Bars and restaurants have been open since June, but are required to ensure the appropriate social distancing measures. Parties and gatherings are still allowed, so long as everyone follows the rules.

According to rules reactivated this month, all bars and restaurants should take bookings by reservation only. They should ask guests to fill out contact details for at least one member of their party so that visitors can be contacted in thr event of one of their guests reporting that they tested Covid-positive. In practice this does not always happen and walk-ins are possible. Smaller and struggling establishments especially are reluctant to turn guests away. Some venues get round the rule by asking that you make a reservation online when you physically walk in. Others have introduced ordering drinks online through a table-specific QR- code to reduce contact between staff and customers.

The new way to order and sit at the places like the popular Foodhallen

During the weekend, there is a ban on selling alcohol from supermarkets and liquor stores in the Red Light District and the rest of the compulsory face- mask area. The ban applies from Thursdays 16.00 until Sundays after midnight. This lasts until 1 September. Alcohol can still be bought in the area in cafés and restaurants. Street musicians are also banned from performing in these streets until 1 October.

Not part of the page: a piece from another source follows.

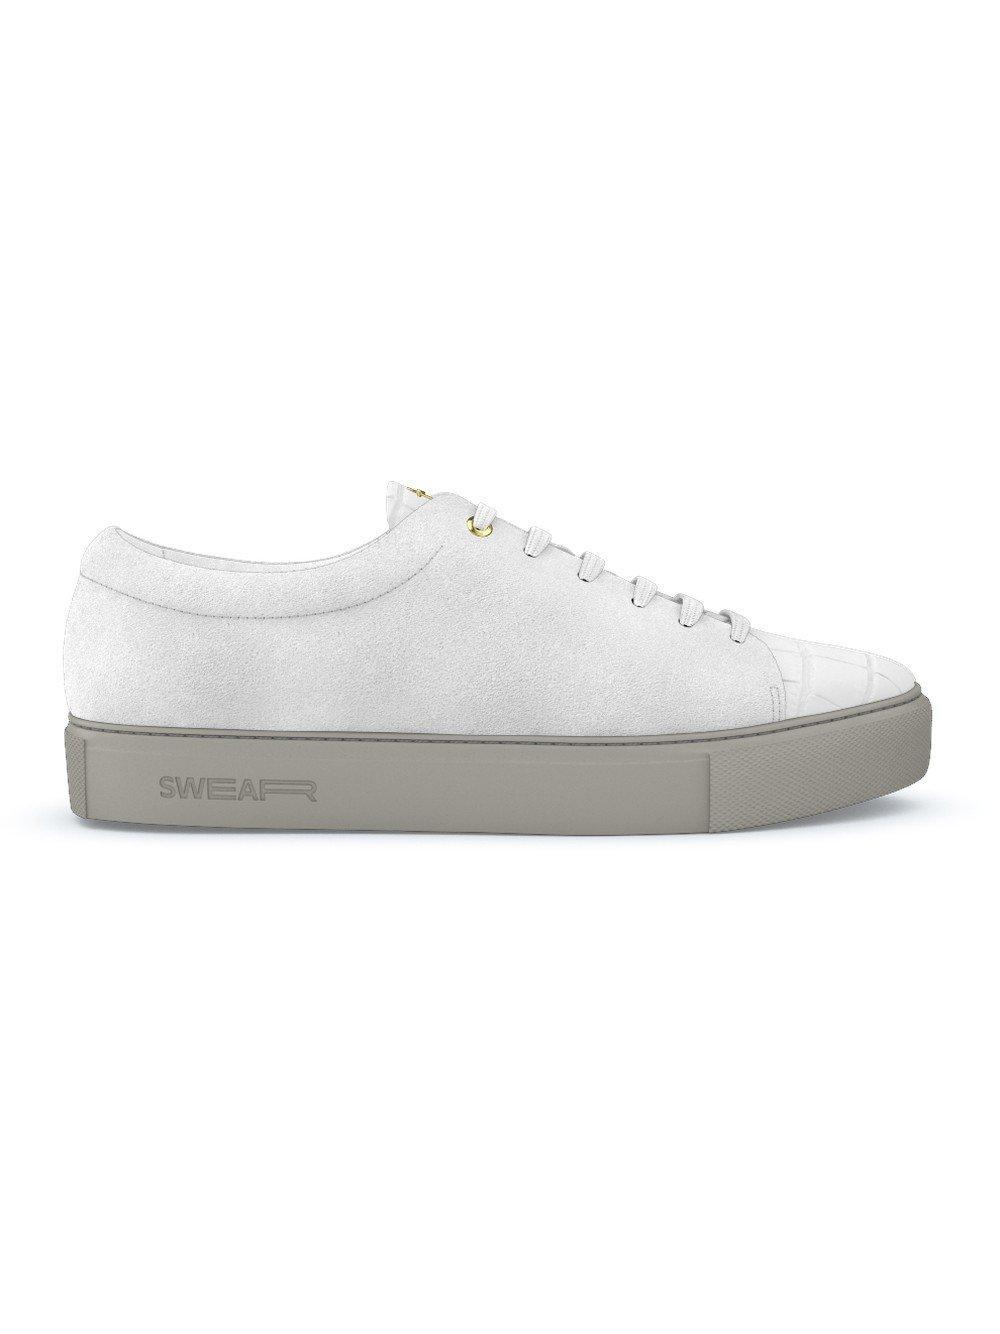 Swear Vyner Sneakers In White

Cultural locations: Theatres, cinemas, museums etc

Most of these are open but with restrictions in regarding the number of visitors. This makes it pleasant for guests but smaller venues especially are struggling. Already the independent Museum of Bags and Purses has announced that partly as a result of Corona they are permanently closed. Other places offer online as well as physical exhibitions, including the Amsterdam Museum’s Corona in de Stad.

Museumplein before the return of tourists

Employment and Work

It has always been fairly common for employees in The Netherlands to have the option of working partly from home. This then became the norm during lockdown when the government closed offices and instructed people to work from home whenever possible. Many of these employees are now slowly starting to return to their physical offices. In order to ensure social distancing often this is often only for 1-2 days per week with the rest of the time spent working from home.

Economists are reporting a massive shrinking of the Dutch economy as a result of Covid and lockdown. Amsterdam-based Booking.com recently announced huge job cuts, although it is unclear how many of these will be made up of their Netherlands-based employees.

Schools

Schools in the Amsterdam region are reopening after the summer holidays on 16th August 2020. There are some concerns about the impact of good ventilation and air conditioning systems on the spread of COVID, especially in schools which may not meet the proper requirements. The government is not in favour of making face masks compulsory in schools.

Hairdressers and beauty salons

These are open as normal but can only be visited by appointment.